Second, a semi‑subjective evaluation was conducted by five board‑certified medical physicists with extensive incident‑analysis experience. Each case was reviewed by two physicists independently, and discrepancies were reconciled. The reviewers scored precision, recall, F1‑score, and accuracy for root‑cause identification, as well as a binary hallucination flag indicating fabricated or unsupported information. Gemini 2.5 Pro recorded the best performance across all four quantitative metrics (precision 0.705 ± 0.297, recall 0.799 ± 0.256, F1 0.727 ± 0.268, accuracy 0.918 ± 0.19). Hallucination rates varied markedly: Gemini 2.5 Pro 11 %, o3 61 %, GPT‑4o 32 %, and Grok 3 29 %.

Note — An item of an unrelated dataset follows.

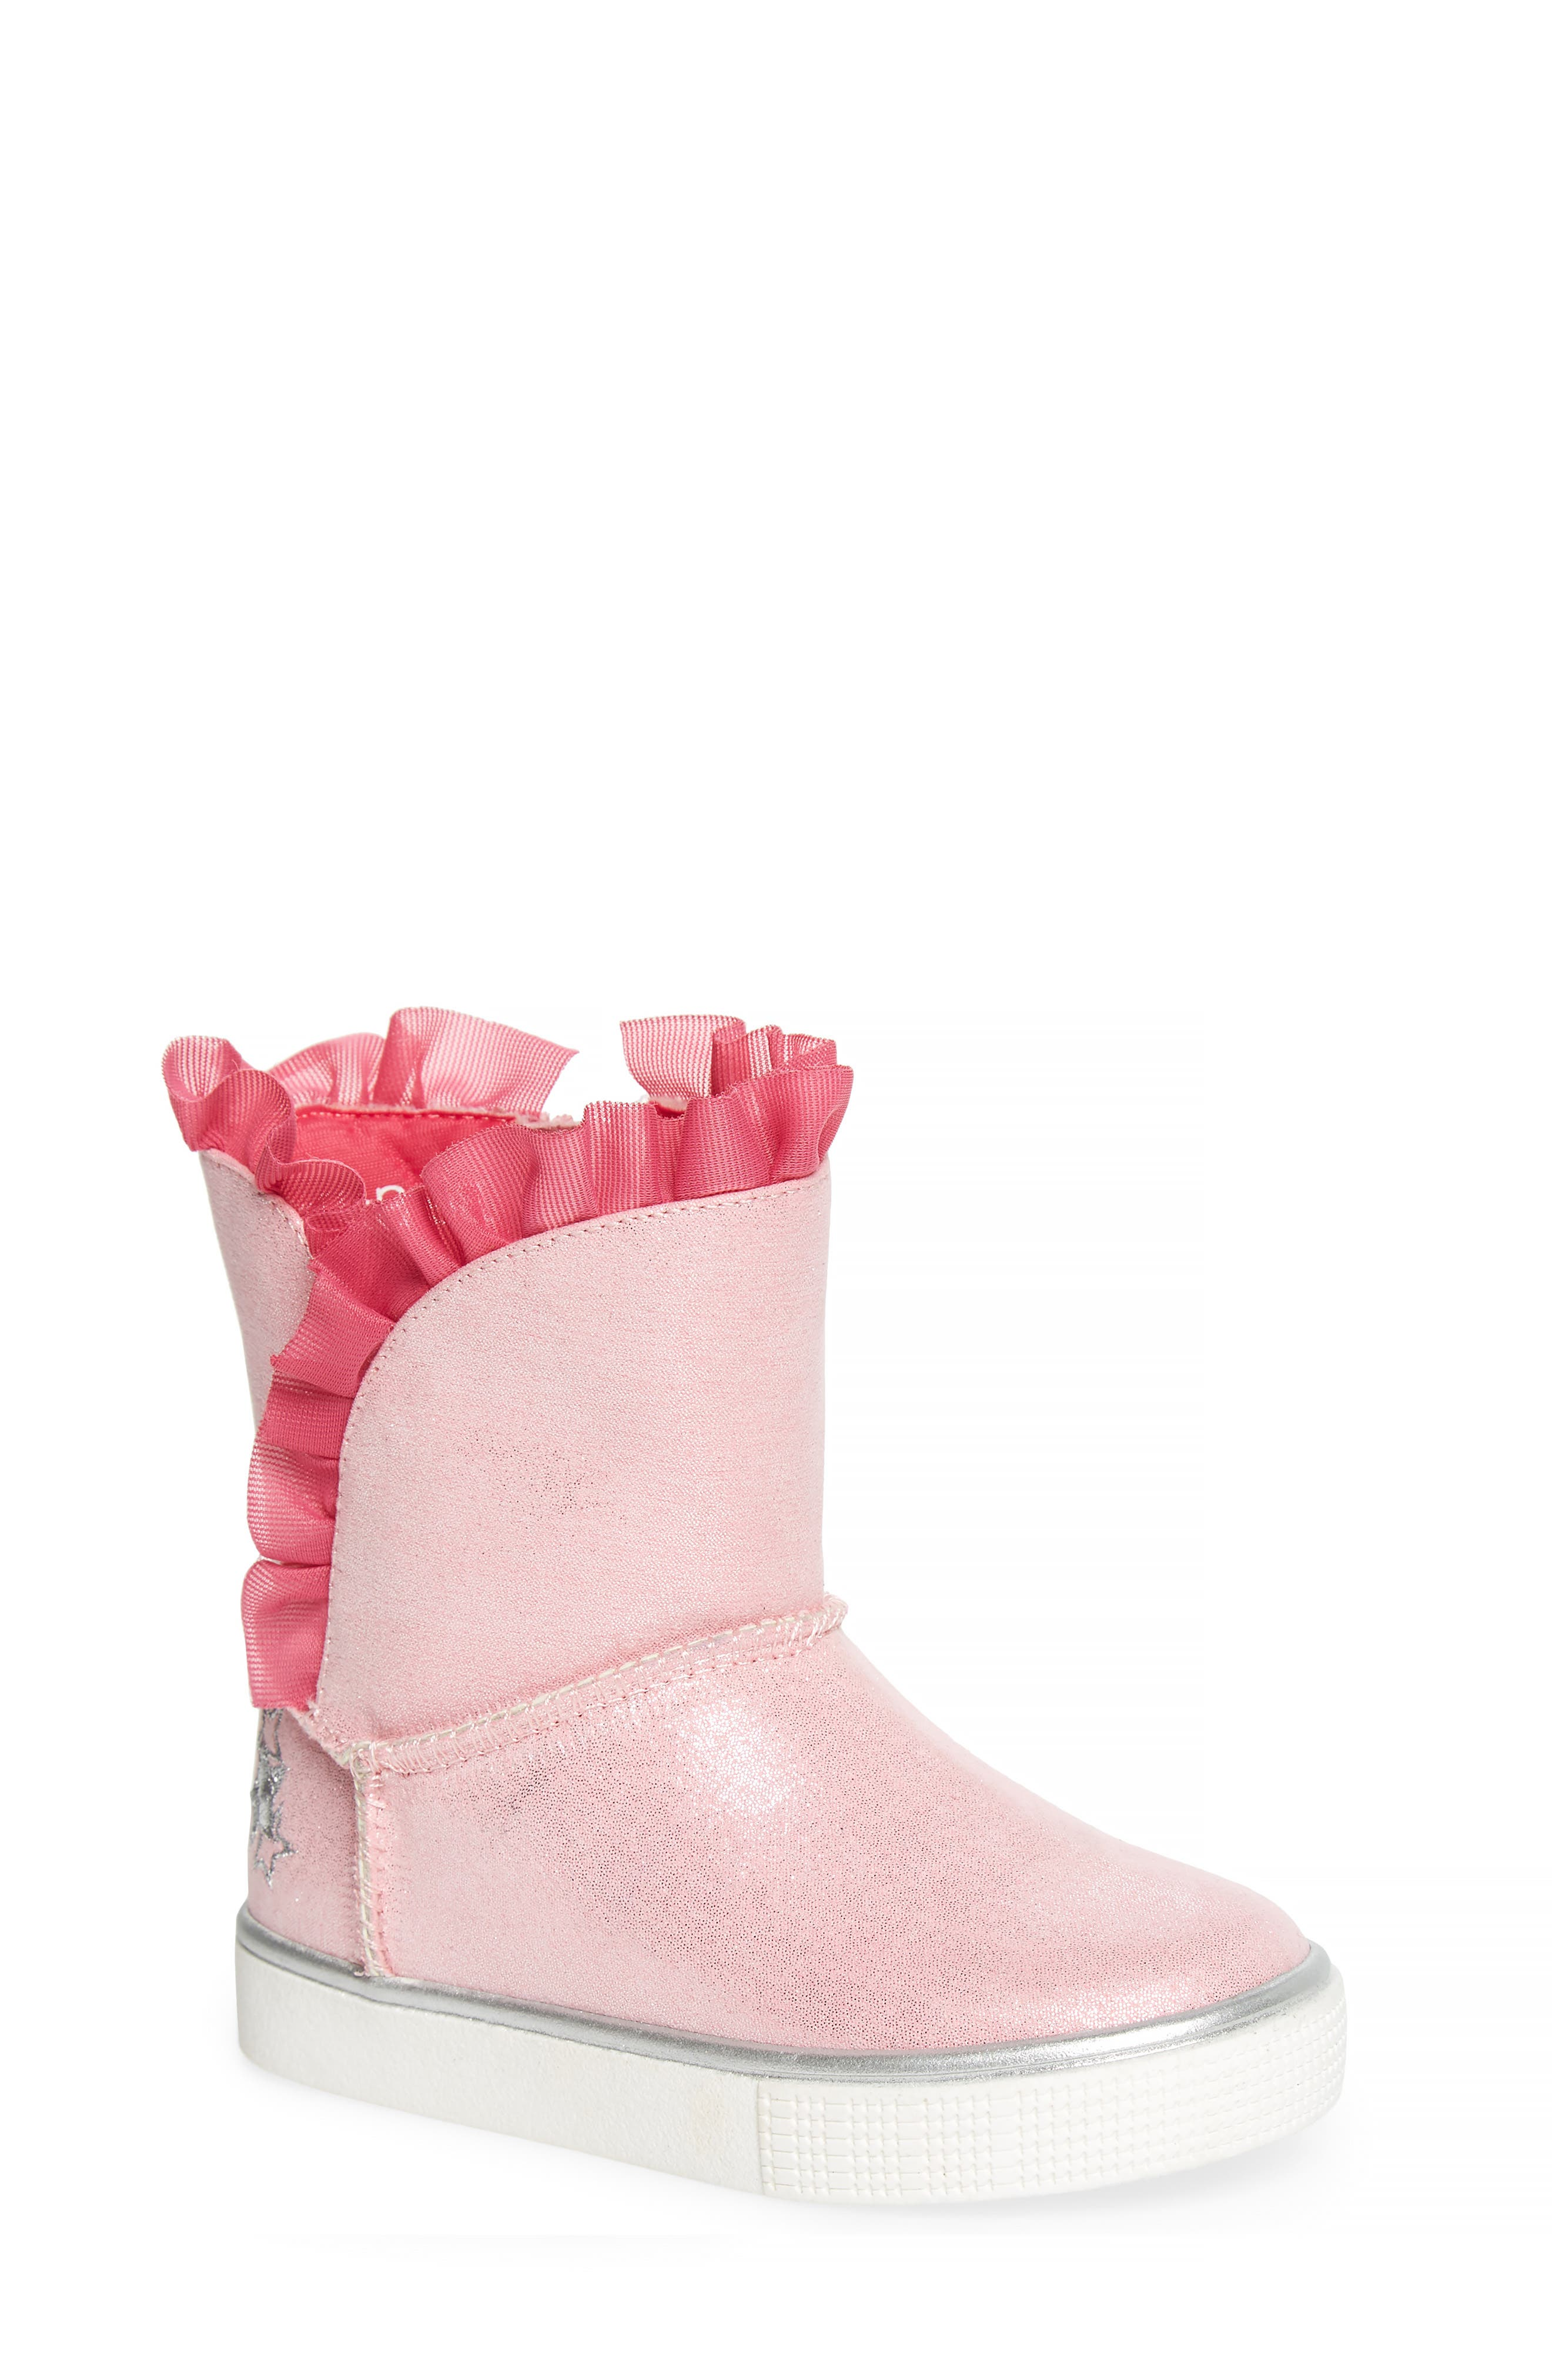 WellieWishers by American Girl Emerson Tulle Sneaker Boot (Walker, Toddler, Little Kid & Big Kid)
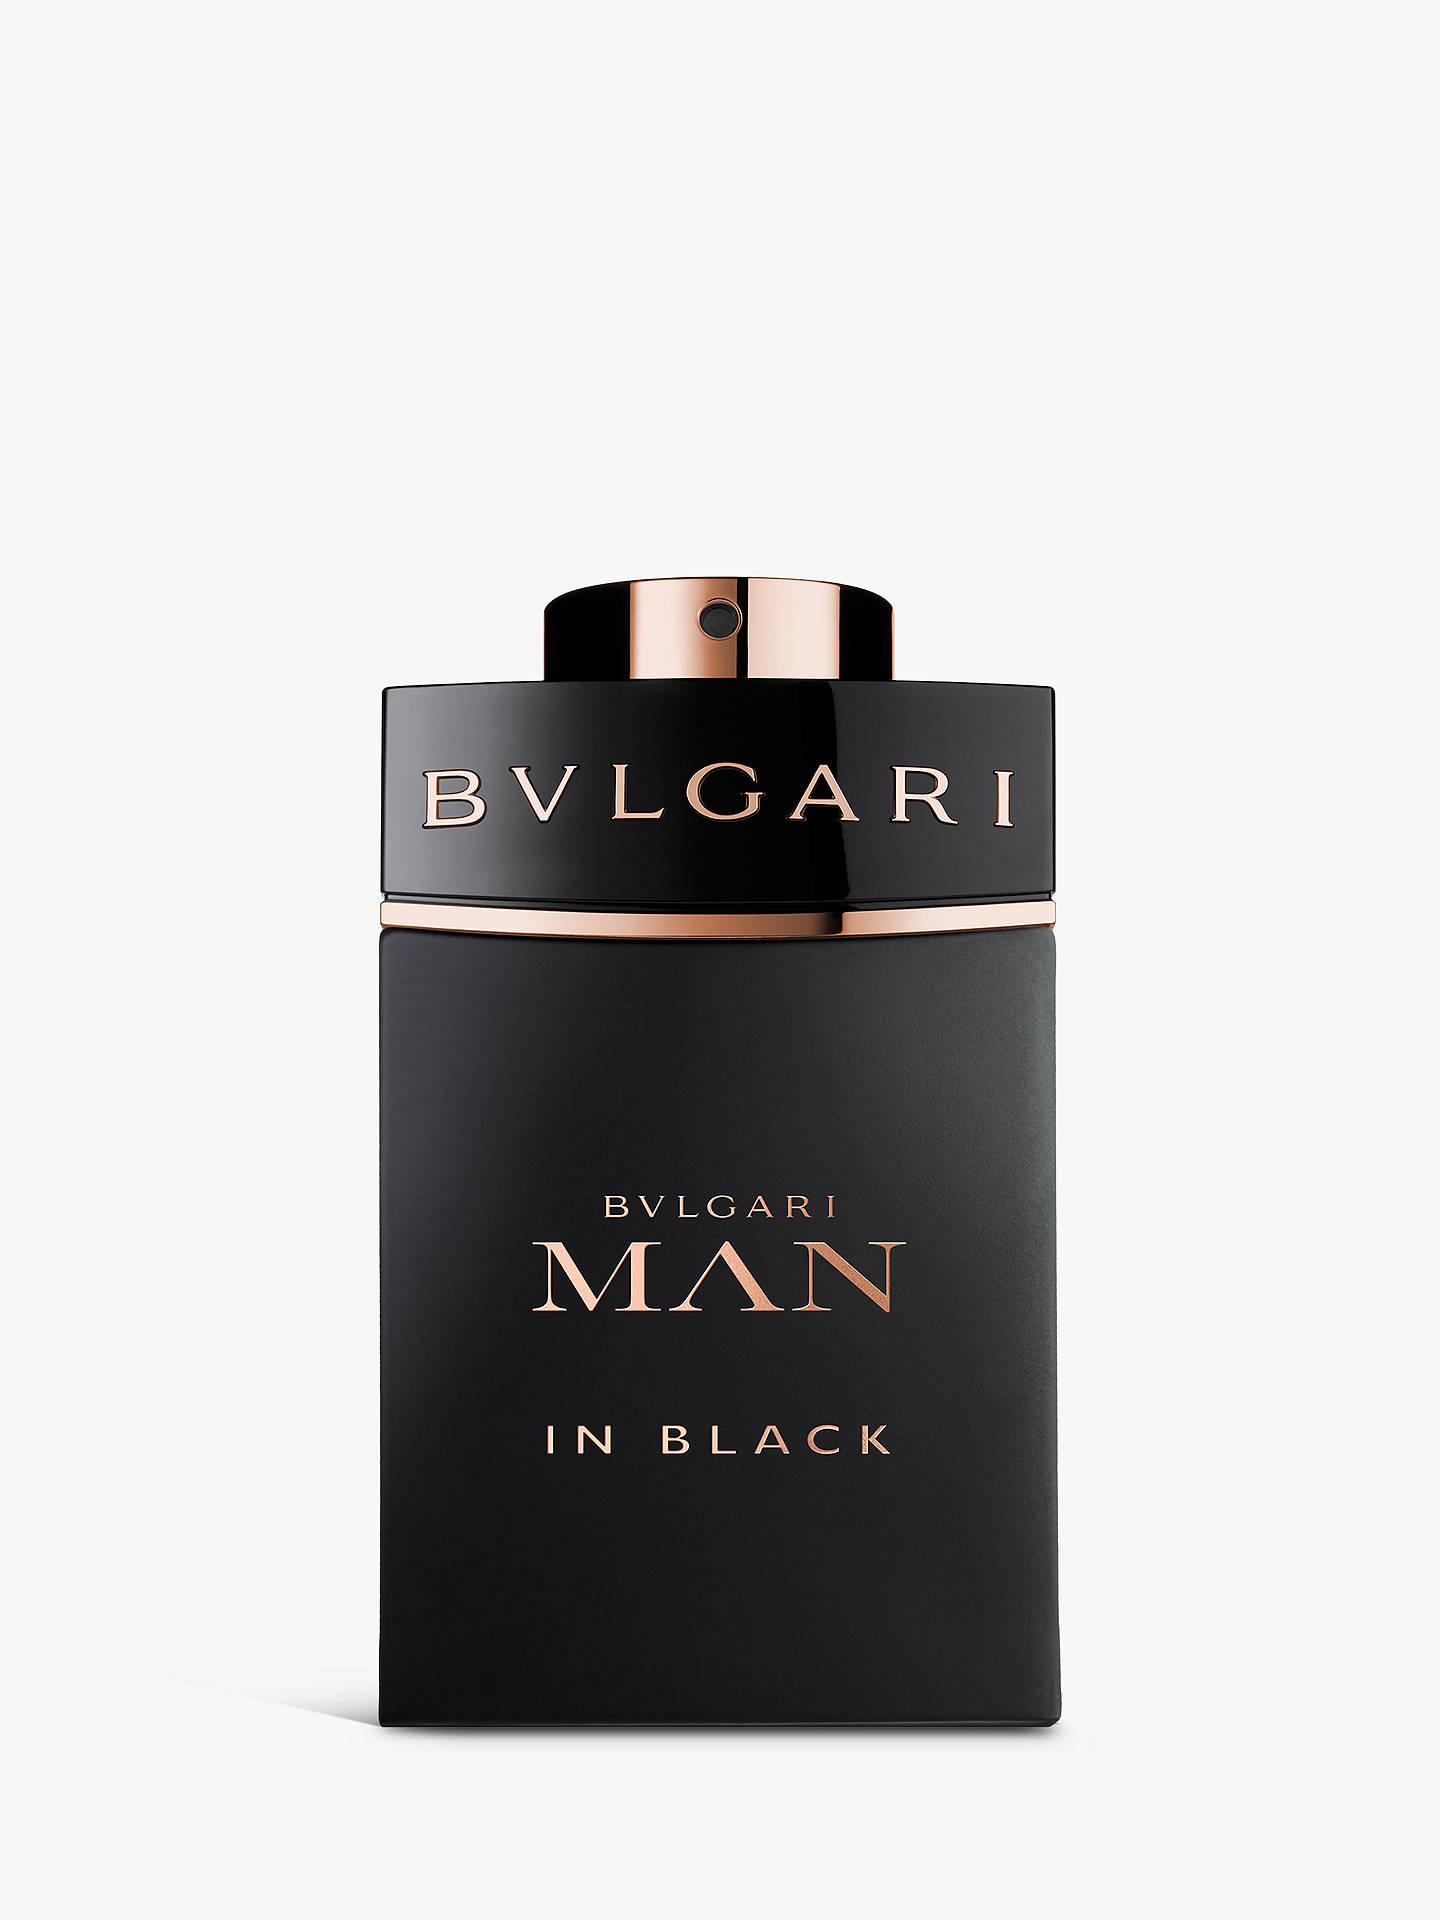 eb26dac75c0 BVLGARI Man In Black Eau de Parfum at John Lewis   Partners

Third, qualitative quality was measured on four 5‑point Likert scales—relevance, comprehensiveness, quality of justification, and quality of solutions—plus two overall subjective scores (reasoning capability and overall performance). Gemini 2.5 Pro consistently received the highest averages (≈4.6/5) and the top overall performance rating of 4.8/5 from the expert panel.

Statistical analysis using Friedman’s test revealed significant differences among models for accuracy (p = 0.002), hallucination rate (p < 0.001), and the two subjective scores (p < 0.05). Differences were also significant for the separate text‑similarity scores of the “Root Causes” (p = 0.010) and “Lessons Learned/Suggestions” (p = 0.001) sections, though not for the combined text (p = 0.126).

The authors conclude that LLMs, particularly Gemini 2.5 Pro, can generate RCA outputs that align closely with expert judgments, suggesting a promising role as assistive tools in radiation oncology safety programs. However, the variability in hallucination rates underscores the necessity for rigorous verification and possibly human‑in‑the‑loop oversight before clinical deployment. The paper recommends future work to expand the case corpus, explore prompt engineering (e.g., chain‑of‑thought or tree‑of‑thought techniques), test model ensembles, and develop integrated human‑AI workflows to mitigate hallucinations and enhance reliability. Ultimately, while LLMs show emerging utility for incident analysis and quality‑improvement initiatives, careful validation and domain‑specific safeguards remain essential for safe adoption in high‑stakes radiation therapy environments.